WORK REQUIRED =
Every line below between the one holding "Exterior Chimney Image" and the one holding "research paper on machine tools", inclusive, should be copied exactly, and no other line.

INPUT RECORDS =
-------------------------

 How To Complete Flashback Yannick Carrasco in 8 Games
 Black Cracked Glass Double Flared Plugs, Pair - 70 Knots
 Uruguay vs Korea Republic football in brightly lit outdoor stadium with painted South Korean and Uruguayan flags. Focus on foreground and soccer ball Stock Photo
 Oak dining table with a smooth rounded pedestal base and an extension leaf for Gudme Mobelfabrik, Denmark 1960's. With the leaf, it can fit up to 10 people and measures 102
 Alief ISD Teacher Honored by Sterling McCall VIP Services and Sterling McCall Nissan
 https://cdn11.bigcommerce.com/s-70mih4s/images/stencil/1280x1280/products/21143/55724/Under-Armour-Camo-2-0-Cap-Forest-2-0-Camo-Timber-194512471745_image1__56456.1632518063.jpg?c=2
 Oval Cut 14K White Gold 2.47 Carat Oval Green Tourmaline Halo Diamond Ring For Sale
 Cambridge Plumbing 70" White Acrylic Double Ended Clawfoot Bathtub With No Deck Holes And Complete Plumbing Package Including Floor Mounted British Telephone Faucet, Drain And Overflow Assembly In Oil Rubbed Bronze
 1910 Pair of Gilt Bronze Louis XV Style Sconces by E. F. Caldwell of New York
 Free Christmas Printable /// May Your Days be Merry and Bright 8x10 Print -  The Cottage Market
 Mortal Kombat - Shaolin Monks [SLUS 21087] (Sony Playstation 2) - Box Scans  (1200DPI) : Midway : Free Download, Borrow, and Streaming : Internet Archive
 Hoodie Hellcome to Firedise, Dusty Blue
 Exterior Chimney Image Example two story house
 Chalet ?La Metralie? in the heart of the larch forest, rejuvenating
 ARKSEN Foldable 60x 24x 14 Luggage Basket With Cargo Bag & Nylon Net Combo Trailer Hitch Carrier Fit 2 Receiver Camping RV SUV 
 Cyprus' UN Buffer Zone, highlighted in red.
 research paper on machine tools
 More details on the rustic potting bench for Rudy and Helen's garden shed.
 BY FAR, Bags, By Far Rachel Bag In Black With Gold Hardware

-------------------------

RESULT OF THIS TASK =
 Exterior Chimney Image Example two story house
 Chalet ?La Metralie? in the heart of the larch forest, rejuvenating
 ARKSEN Foldable 60x 24x 14 Luggage Basket With Cargo Bag & Nylon Net Combo Trailer Hitch Carrier Fit 2 Receiver Camping RV SUV 
 Cyprus' UN Buffer Zone, highlighted in red.
 research paper on machine tools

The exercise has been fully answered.